Per l'esponente di Fratelli d'Italia, gli effetti della misura continuerebbero a incidere sui margini di bilancio anche a distanza di anni dalla sua introduzione. "Quella misura, voluta e blindata dal Movimento 5 Stelle, continua a presentare il conto agli italiani anni dopo essere stata corretta. Continua a uscire dai cassetti come un fiume sotterraneo che nessuno riesce a fermare del tutto e, ogni volta che riemerge, porta via risorse che potrebbero essere destinate a famiglie, imprese e sanità.". Ricchiuti sottolinea inoltre come, a suo giudizio, proprio il peso dei crediti legati al Superbonus abbia impedito all'Italia di uscire in anticipo dalla procedura europea per disavanzo eccessivo. "È mancato appena lo 0,1 per cento di Pil per consentire al Paese di uscire con un anno di anticipo dalla procedura europea per disavanzo eccessivo. Un soffio che si chiama Superbonus.".
"Il Governo Meloni ha rimesso ordine nei conti."
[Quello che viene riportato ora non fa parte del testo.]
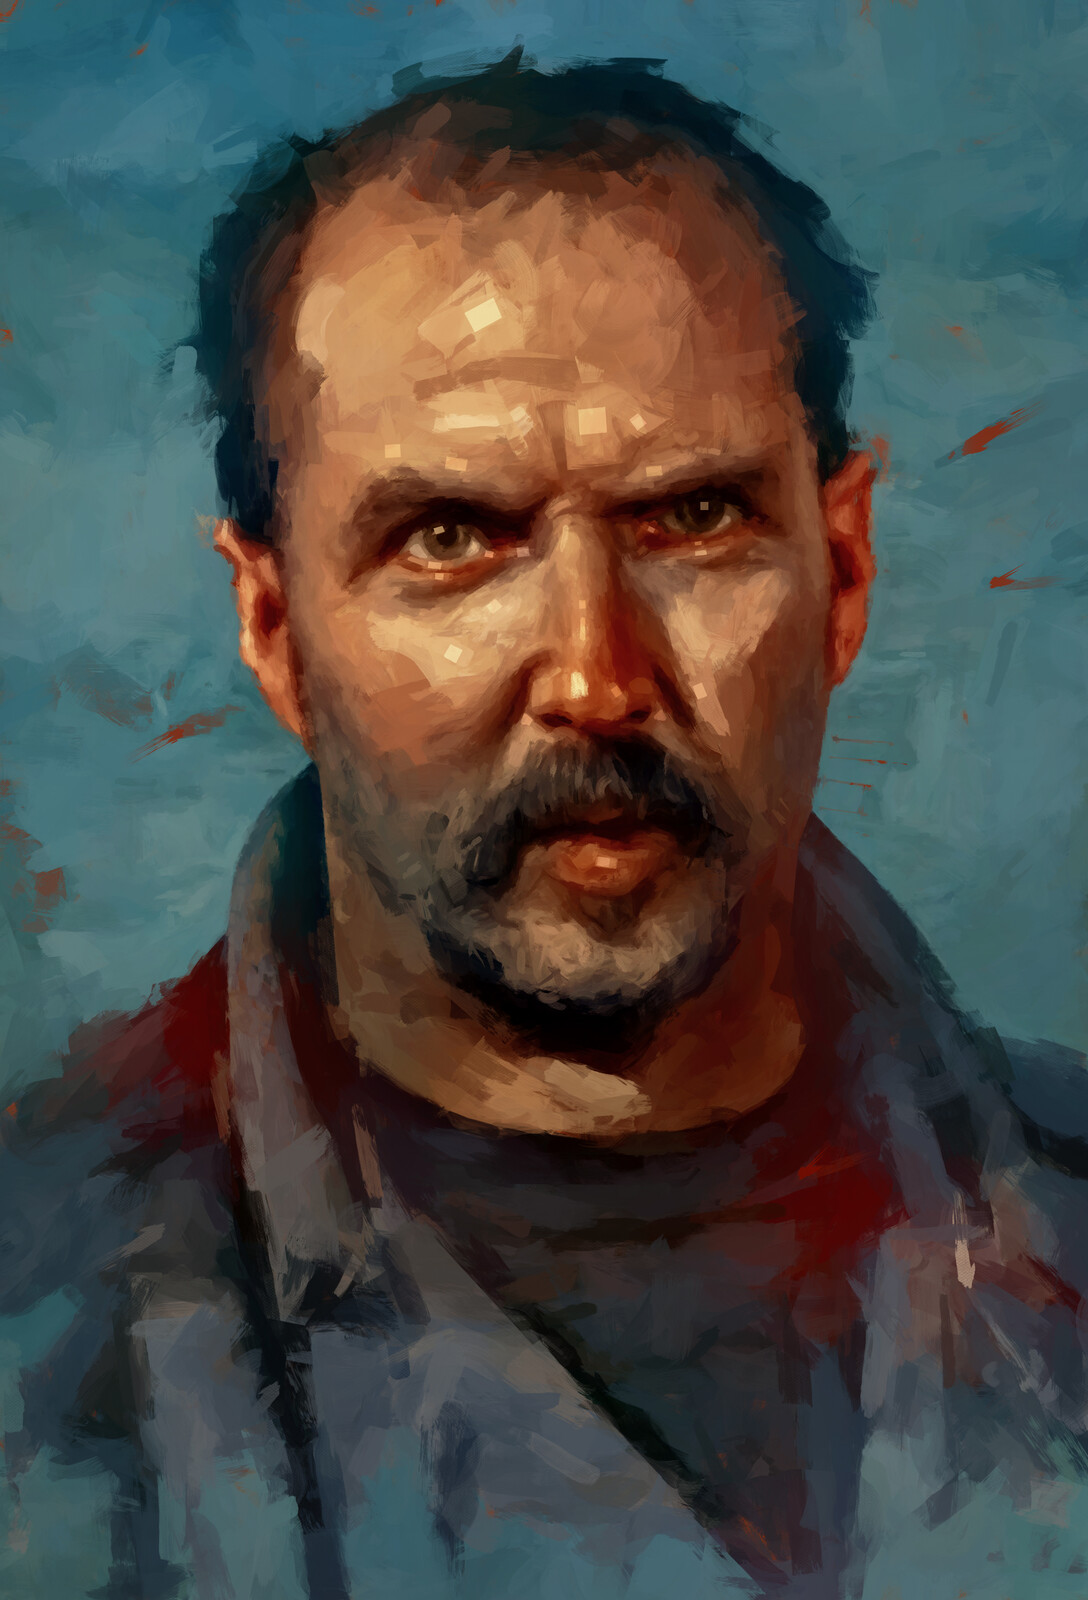 Leon Kowalski (Blade Runner)

Nella nota viene rivendicato anche il lavoro dell'esecutivo sul fronte della finanza pubblica. "Il Governo Meloni ha lavorato per anni per rimettere ordine in una contabilità pubblica devastata, partendo da un deficit dell'8,1 per cento ereditato nell'ottobre 2022 e portandolo al 3,1 per cento di oggi. Un risultato importante ottenuto nonostante l'eredità lasciata da una misura che continua a produrre effetti negativi sui conti dello Stato.".
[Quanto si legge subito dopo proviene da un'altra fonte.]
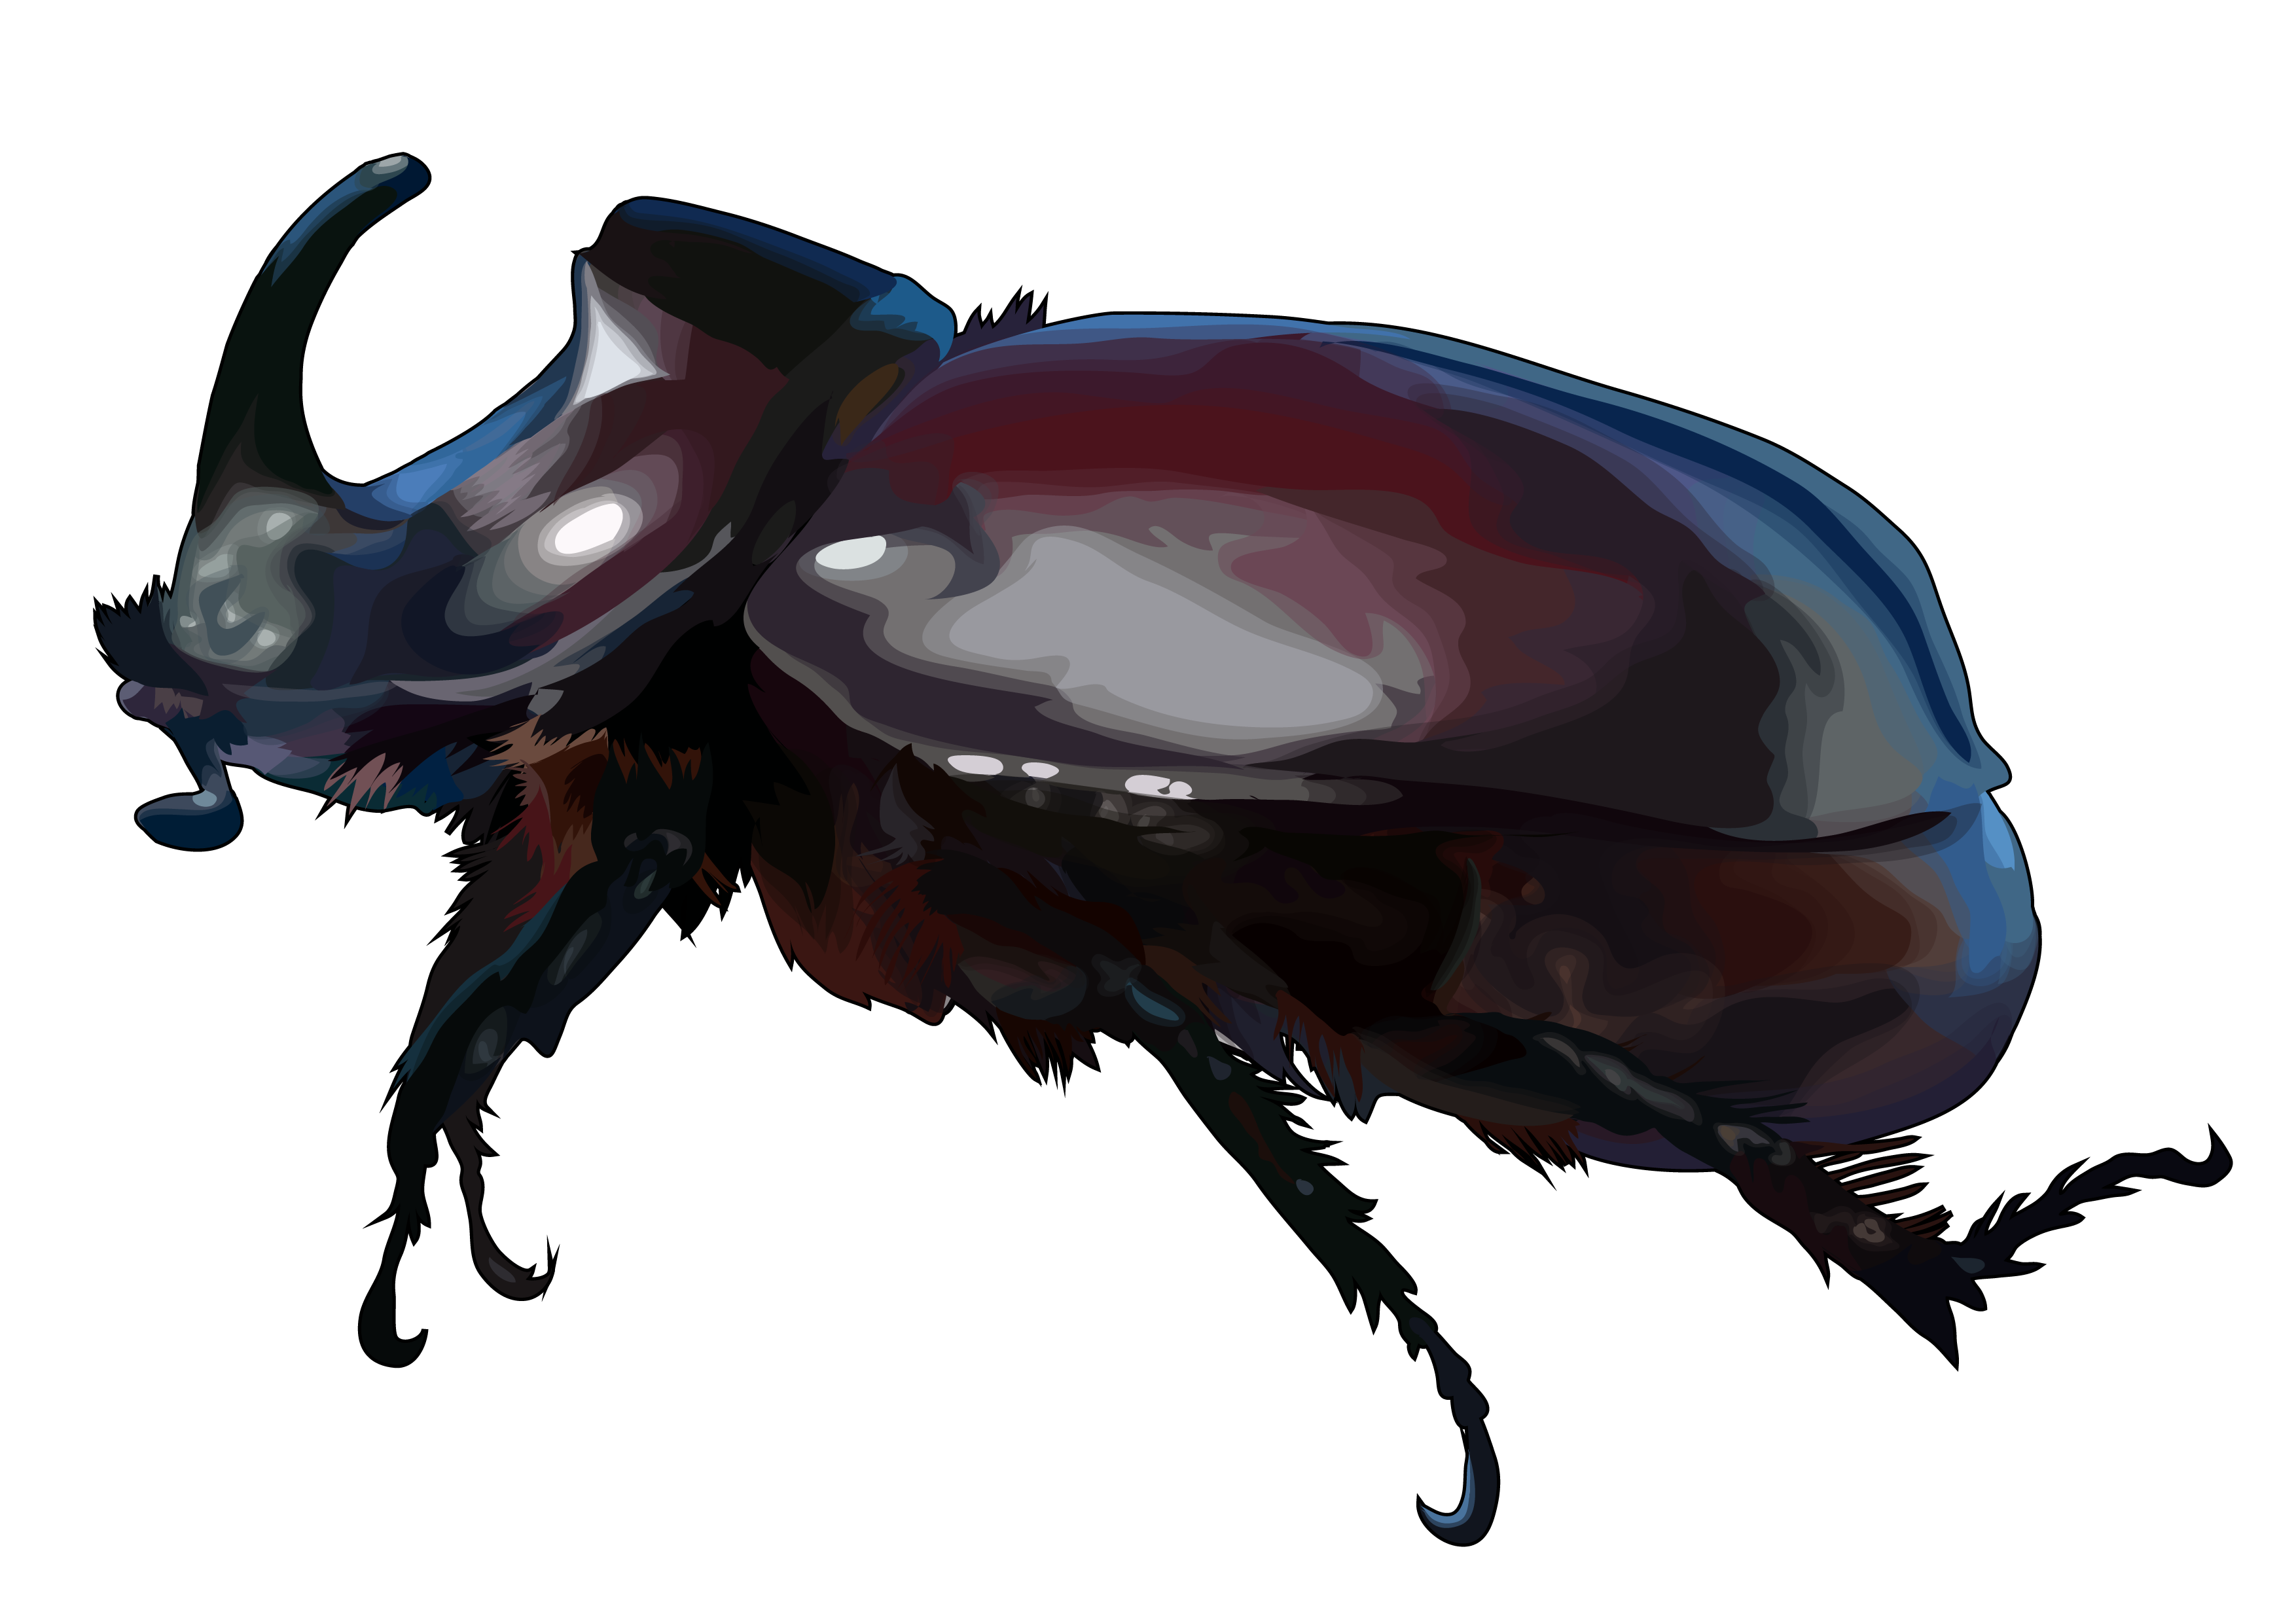 HTML5: escarabajo rinoceronte » Recursos educativos digitales

"Gli italiani meritano la verità."
Ricchiuti conclude puntando il dito contro il Movimento 5 Stelle, accusandolo di voler prendere le distanze dagli effetti del Superbonus. "Il Movimento 5 Stelle ha scritto una norma senza paletti, senza controlli e senza limiti di spesa e oggi pretende di non pagarne il prezzo politico. Chi ha causato il danno non può chiamarsi fuori quando il danno si manifesta. Gli italiani meritano la verità, non la propaganda di chi scappa dalle proprie responsabilità. Lo dice la Corte dei Conti, non un avversario politico. Chi ha scavato questo buco nei conti pubblici oggi ha la faccia tosta di candidarsi a governare il Paese. Prima manda in rovina i conti, poi chiede agli italiani di fidarsi ancora. Una vergogna.".